A ccidental pregnancies result
from contraceptive failure worldwide. Even with a "perfect
use" of contraceptive method, 5.9 million pregnancies will
result, while with a "typical use" of methods, there are
almost 26.5 million accidental pregnancies occurring annually (WHO
2002). Several Technical Guidance have been published by WHO in1990s.
ICPD plus 5 took a decision that "in circumstances where abortion
is not against the law, health systems should train and equip health-service
providers and should take other measures to ensure that such abortion
is safe and accessible. Additional measures should be taken to safeguard
women’s health". (Key actions for the further implementation
of the Programme for Action of the International Conference on Population
and Development. United Nations, 1999, paragraph 63 iii).
Technical and Policy Guidance provided by WHO reviews clinical
aspects of providing high-quality abortion services, provides guidance
on essential elements needed to put good quality legal abortion
services in place and lays out a policy framework to ensure access
to safe abortion services to the extent of the law.
The Contents include
1. Safe Abortion Services: The Public Health Challenge
2. Clinical Care For Women Undergoing Abortion
3. Putting Services In Place
4. Legal And Policy Consideration
Policy considerations
Health systems and services:
These include having an enabling policy, provide guidance for curricula,
training, logistics, supervision and budget provision, emphasises
the importance of information and non-directive counselling and
referrals for treatment of complications
Methods of abortion
Manual vacuum aspiration is recommended for early abortion, even
in resource-constrained health systems. The need for having MVA
services widely available to treat women who have complications
of unsafe or incomplete abortion as well as "Medical"

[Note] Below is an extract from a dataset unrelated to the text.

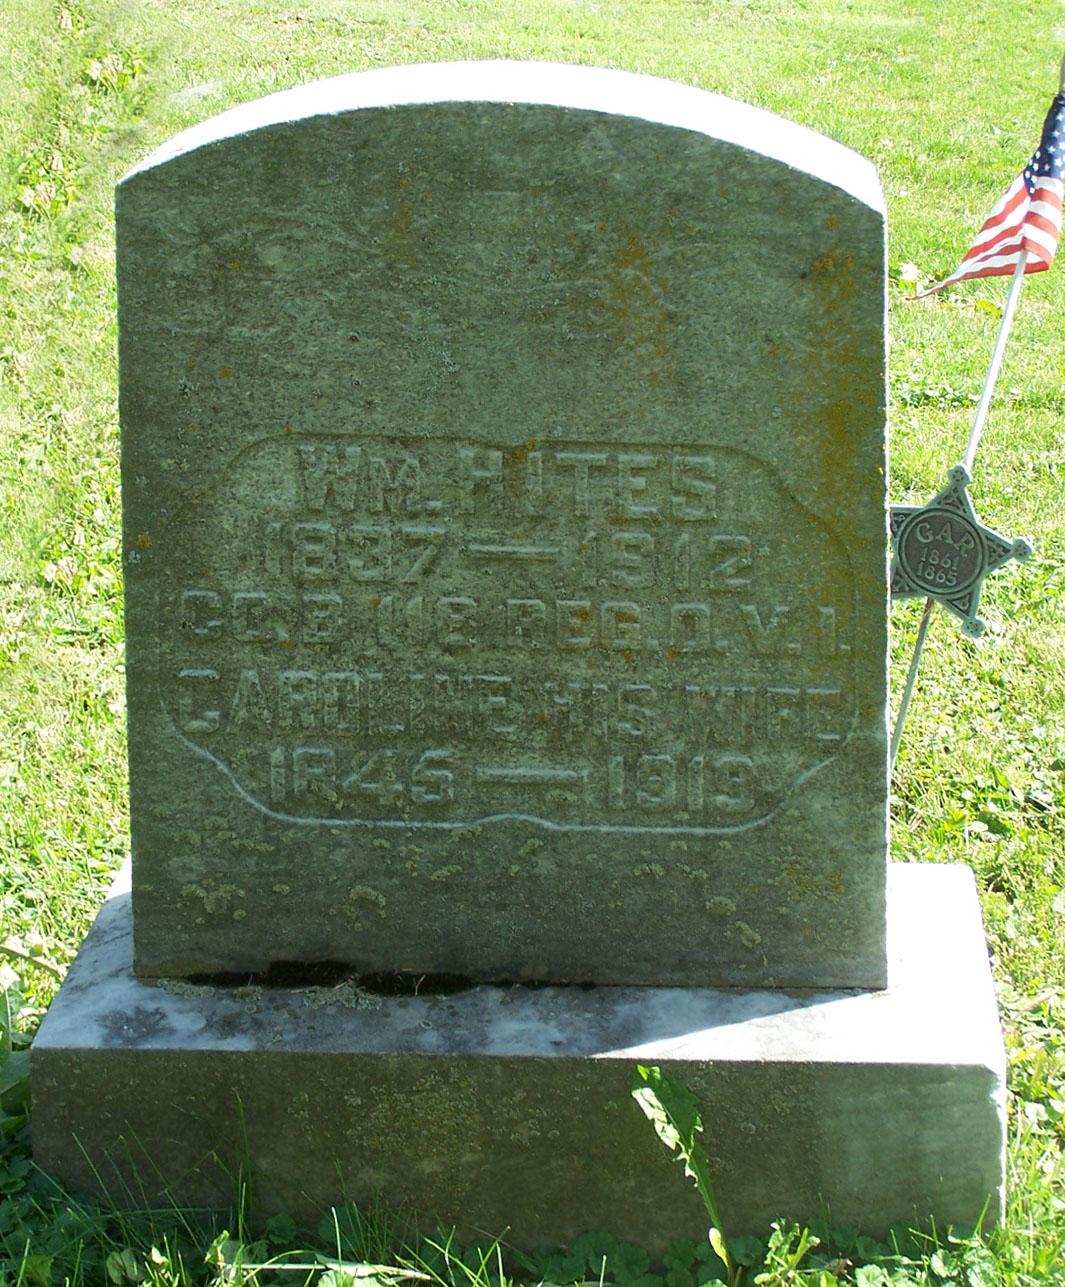 William Hites

methods of abortion are included.
Table 2.5.1
Methods for induction of abortion according to gestation period
|
Length of amenorrhoea |
Technique |
< 9 weeks |
antiprogestogen + PG or vacuum aspiration |
9-14 weeks |
vacuum aspiration (with cervical preparation particularly
after 12 weeks and in nulliparous women |
> 14 weeks |
antiprogestogen + PG or dilatation + evacuation* (with cervical
preparation) PGs alone hypertonic saline, urea, ethacridine |
Range of providers
Providers to include licensed medical practitioners as well as
midlevel health-care providers.
Service fees
There should be no "informal" fees. If charges are made,
they should be as low as possible and subsidized for those unable
to pay. Of course, the costs are likely to be offset by savings
achieved by reducing unsafe abortion.
Public information
Women have the right to decide freely and responsibly. They should
be informed about the basic reproductive physiology - how pregnancy
happens, its signs and symptoms, how to prevent unwanted pregnancy
and where and how to obtain contraceptive methods.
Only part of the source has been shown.